Peasants are quite wealthy, judging by their households, each of them keeps a hundred of cattle heads, from three to five hundred sheep, a hundred of horses that are also used to cultivate the land – this refers mainly to wealthy people, but if you compare, there are richer ones as well.

The present generation born behind Baikal is satisfied with their present time ...”



Thus, the Old Believers’ settlement was well known in Russia. Even N.A. Nekrasov wrote a poem titled “Grandfather” about it. Not many Siberian settlements were granted such an honor.


Beginning from 1849 Tarbagatai started holding fairs. They usually took place in the first half of January. And the basic goods traded there were fabrics, grocery, cast and simple iron.

In 1877 Amvrosiy Fedotov was born in Tarbagatai, he later became the Bishop Afanasiy. The Old Believers’ Bishop of Irkutsk and Amur and the entire Far East Afanasiy was canonized in 2003.
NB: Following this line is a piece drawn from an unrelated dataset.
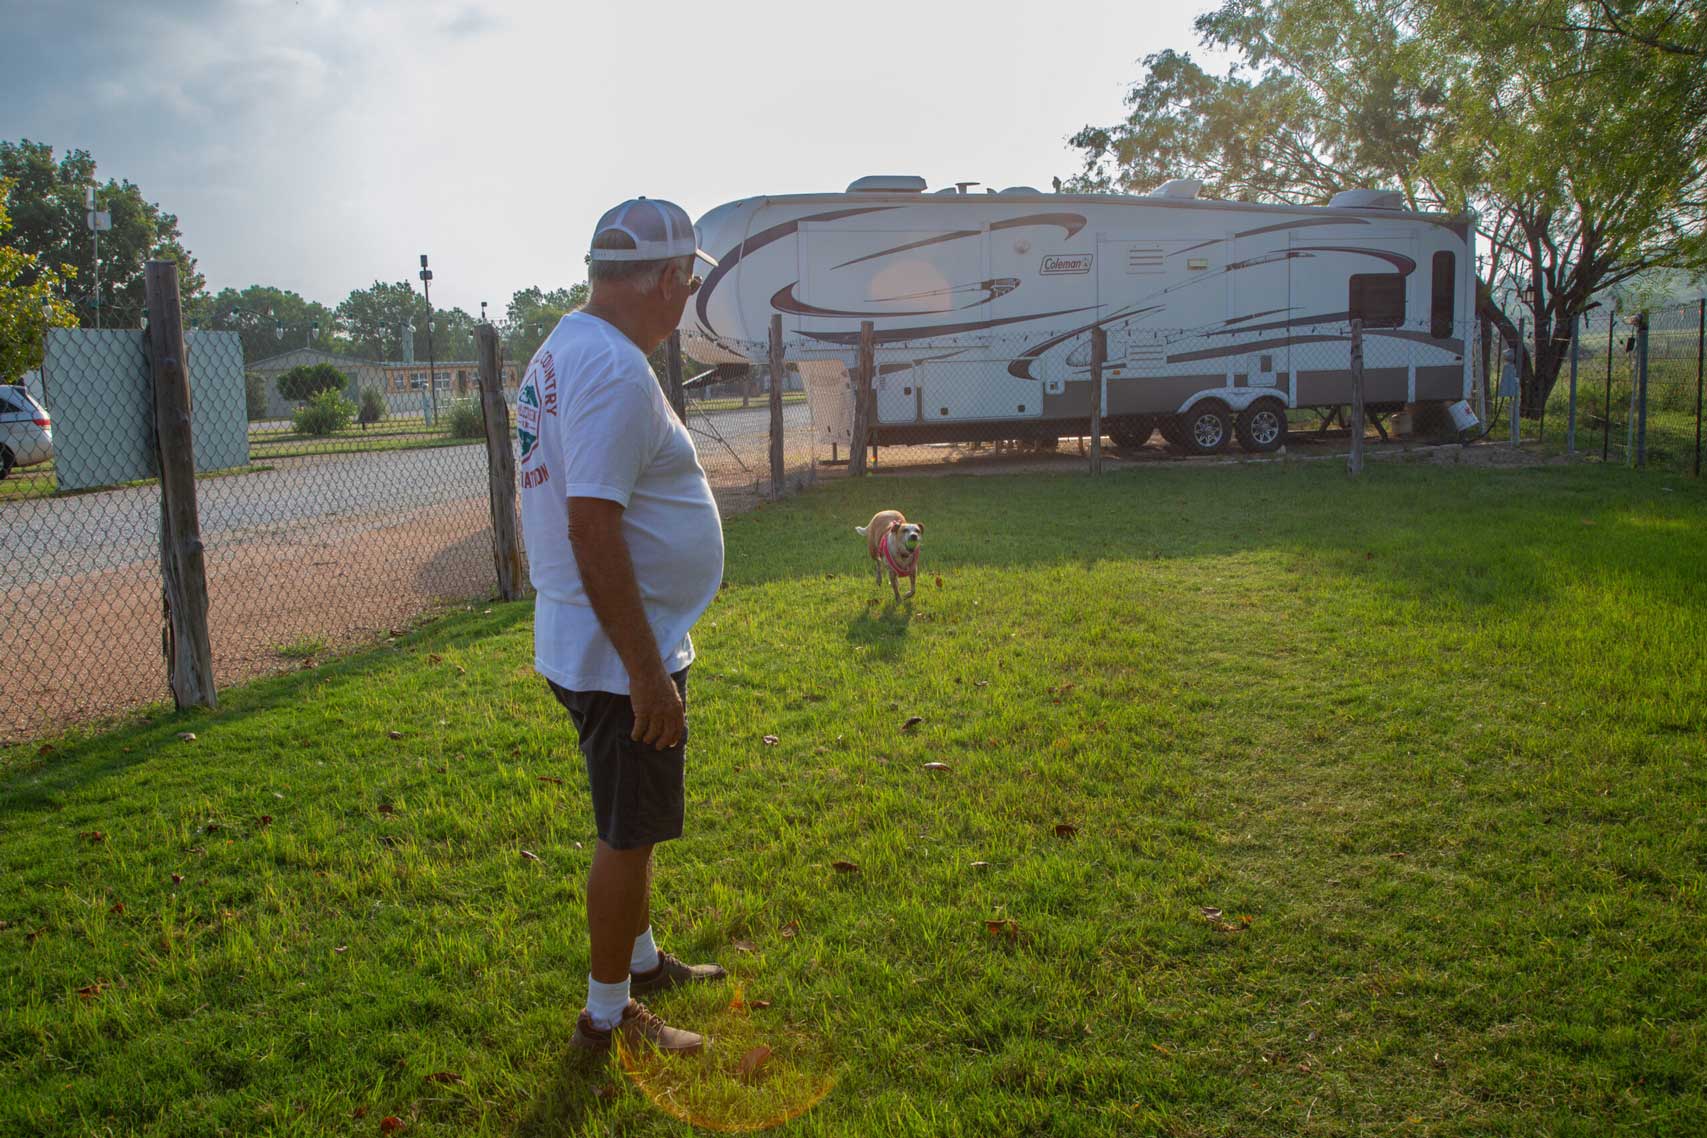 A man and his dog enjoying the pet-friendly outdoor space at an RV park near Blanco, TX, with a spacious trailer in the background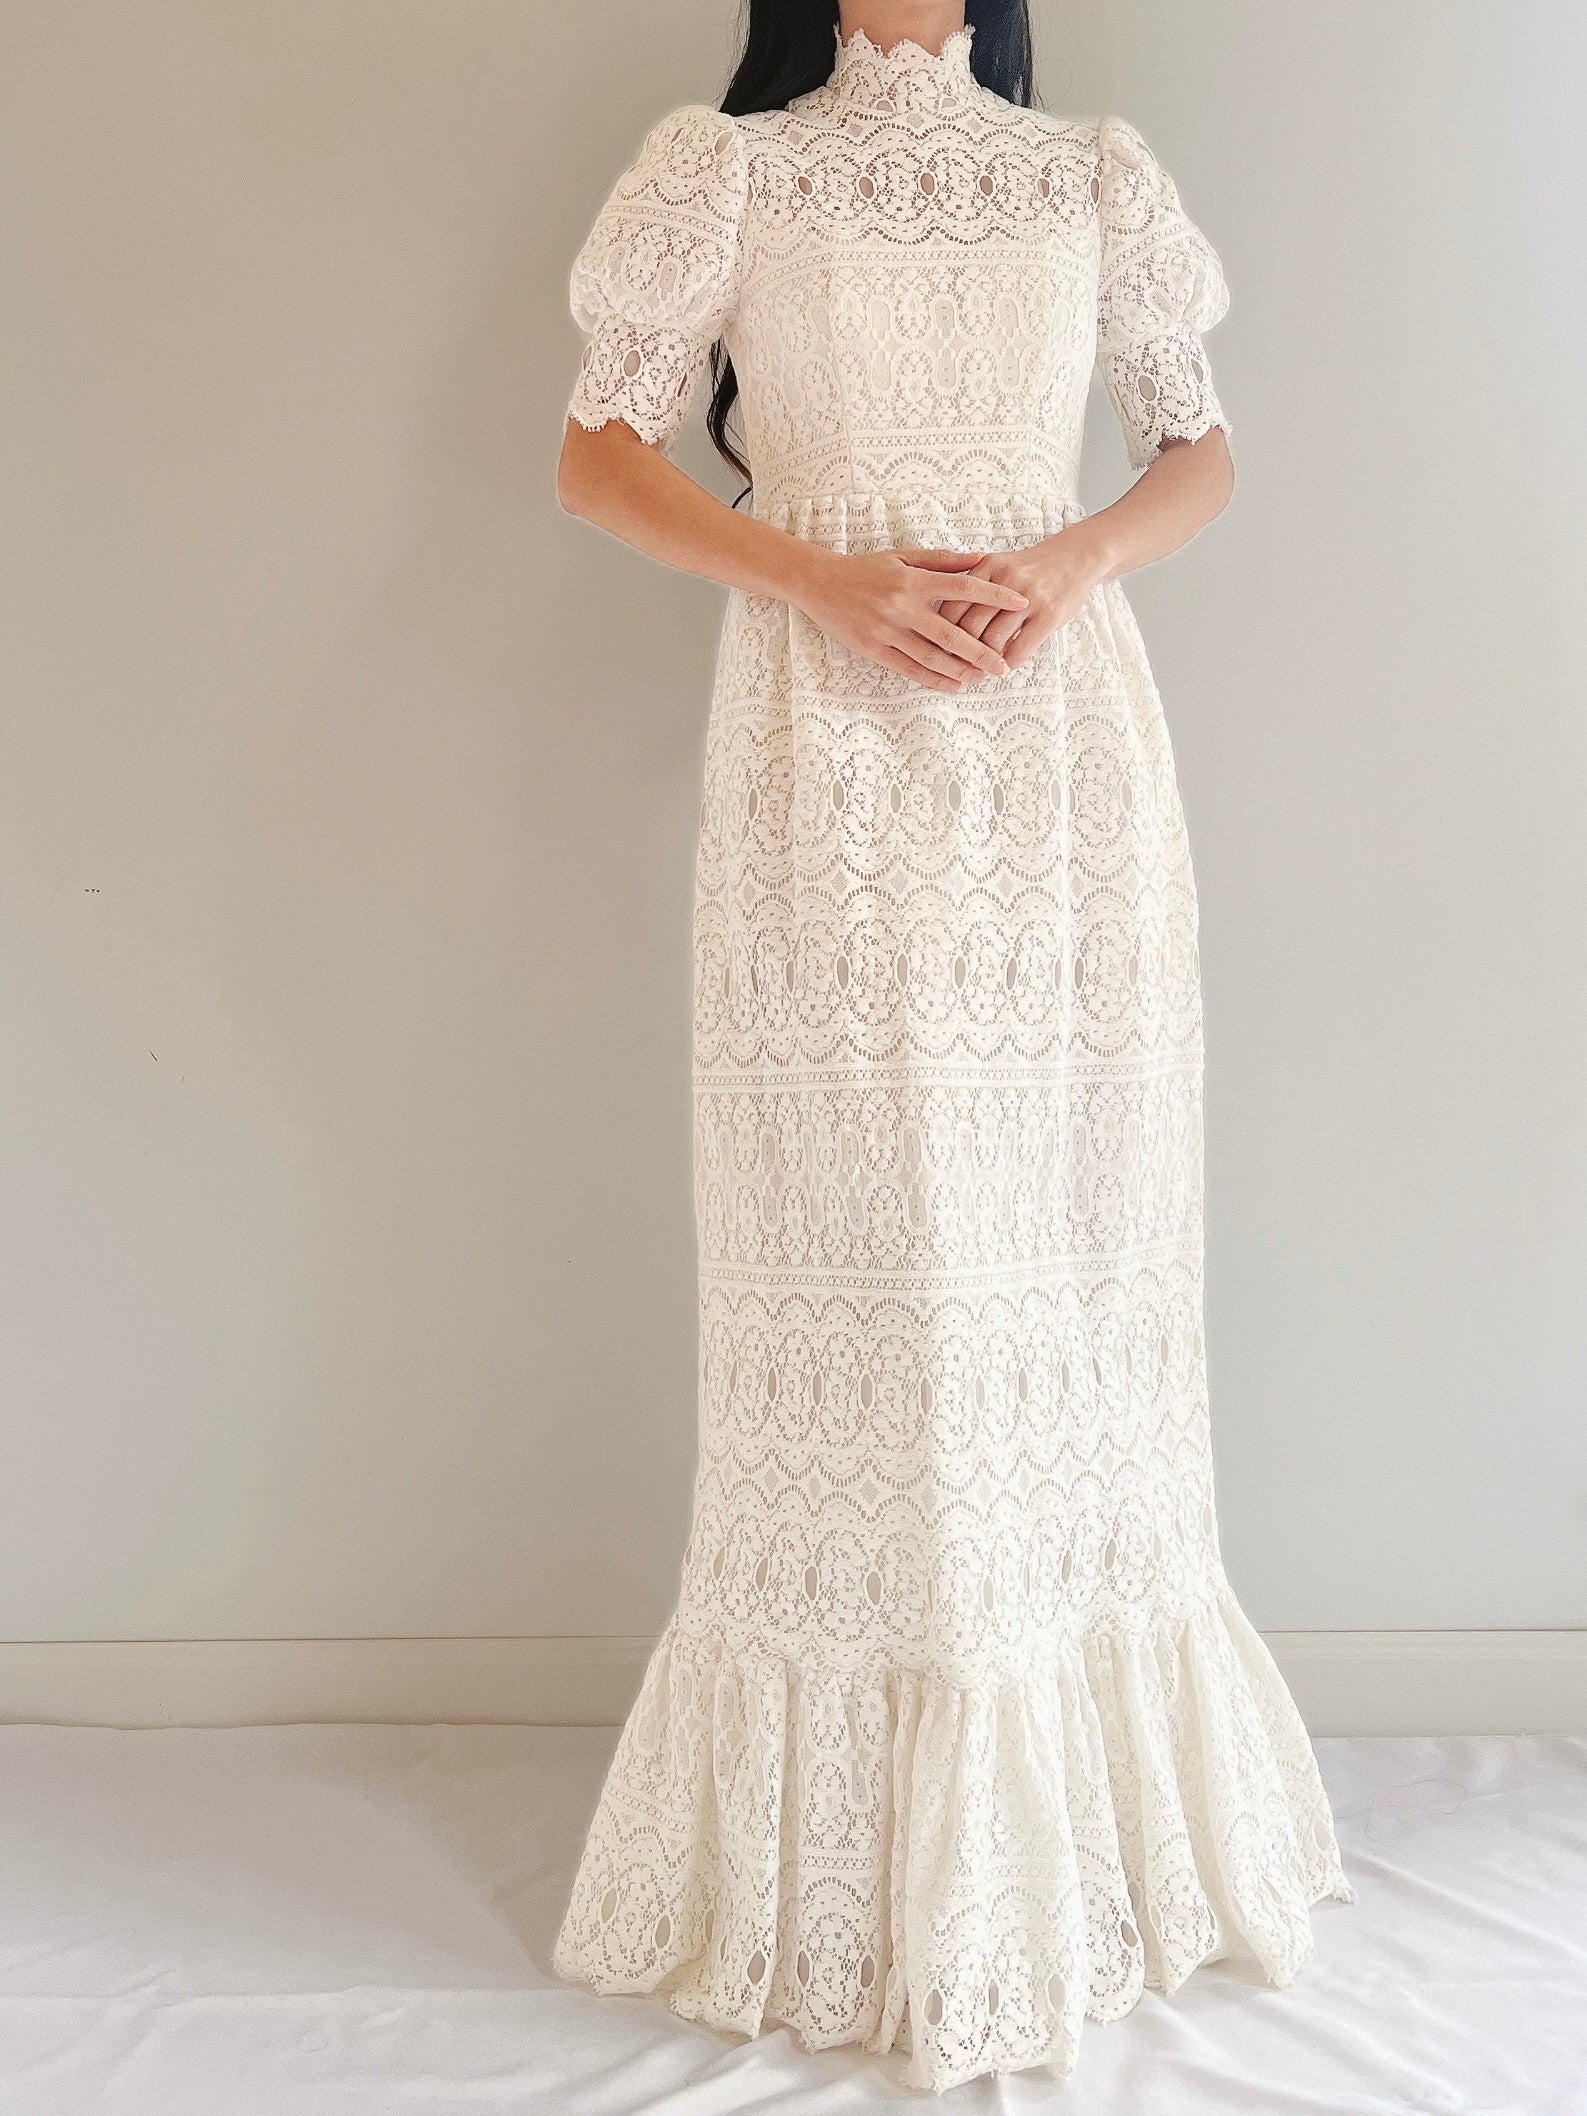 Vintage Puff Sleeve Lace Dress - XS

By the beginning of the 20th century the settlement had two Orthodox churches and three old chapels, a parochial school and a prison, a water mill and a steam mill, six blacksmith shops, 539 yards (465 of these belonged to Old Believers) and 3391 inhabitants. (By the way, a hundred years later, the population of Tarbagatai increased by about one thousand people and, according to census data as of 2010, amounted to about 4300 inhabitants.)

During the civil war Tarbagatai fought on the side of the Red Army. A famous historical event is the Battle of Omulevaya Bald Peak that lasted for more than five hours: the attacks of the White Army were repulsed, because the guerrillas received help from the inhabitants of the settlement.

The Soviet government imposed its way of life on Tarbagatai, but even this could not destroy the Old Believers’ identity. They were and remained in their own right. This was manifested in everything, from clothing, where the main feature was beaded jewelry, to homes: log houses (“izbas”) had a high porch, gates and shutters were richly decorated. There was a tradition to paint the walls, the ceiling and partitions in the house with large stylized flowers.

The Settlement of Tarbagatai: Three Centuries of Traditions at Lake Baikal The Old Believers strictly observed religious fasts: according to the Old Believers’ version, a year has 244 meatless days. At the same time, their cuisine is famous for the variety of ways of cooking meat. The Old Believers do not like to drink tea: they just drink boiled water or decoctions of herbs instead. Alcohol and tobacco are totally banned. Until present time you can see a closed bottle of vodka in a visible place in the houses of Tarbagatai; this symbolizes the fact that the master of this house does not drink alcohol.

Other prohibitions include the impossibility to have a common meal with the representatives of other beliefs. You cannot marry a representative of another faith and nationality. The families are exclusively patriarchal. It was a rule for all generations of the same family to live in the same manor consisting of several houses. The main thing was to stay together.

The Old Believers are famous for their singing culture. Traditional wedding songs, spiritual poems, laments have preserved until today.

Each Transbaikalian Old Believers’ settlement has folk choirs and folk groups. For example, the Tarbagatai Semeisky Ethnographical Ensemble titled “Sudbinushka” (“Fate”) was created in 1990, it won a Prize of Pyatnitsky and was awarded the title of “Living Treasures” by UNESCO in 2001.

Tarbagatai also has the Museum of the Old Believers’ Culture, where you can get more closely acquainted with the unique history of the settlement.

If you come to the eastern shore of Lake Baikal, to Buryatia, be sure to visit Tarbagatai. You can come there by the “Baikal” Federal Highway (R-258). Or you can go through the regional road that goes from Ulan-Ude to Okino-Klyuchi. You can buy books about the Old Believers, original souvenirs and handicrafts by local masters at the Old Believers’ Manor on the Territory of the settlement. Experts also state that the local hooch of Cedar nuts made by Old Believers is the best kind of this drink in the entire Transbaikalia, and its quality is not inferior to Whiskey.

The Old Believers living at Baikal are a totally unique subculture that has been preserved here in its original form for centuries. They are few people who managed to settle on the harsh Baikal land without losing their identity.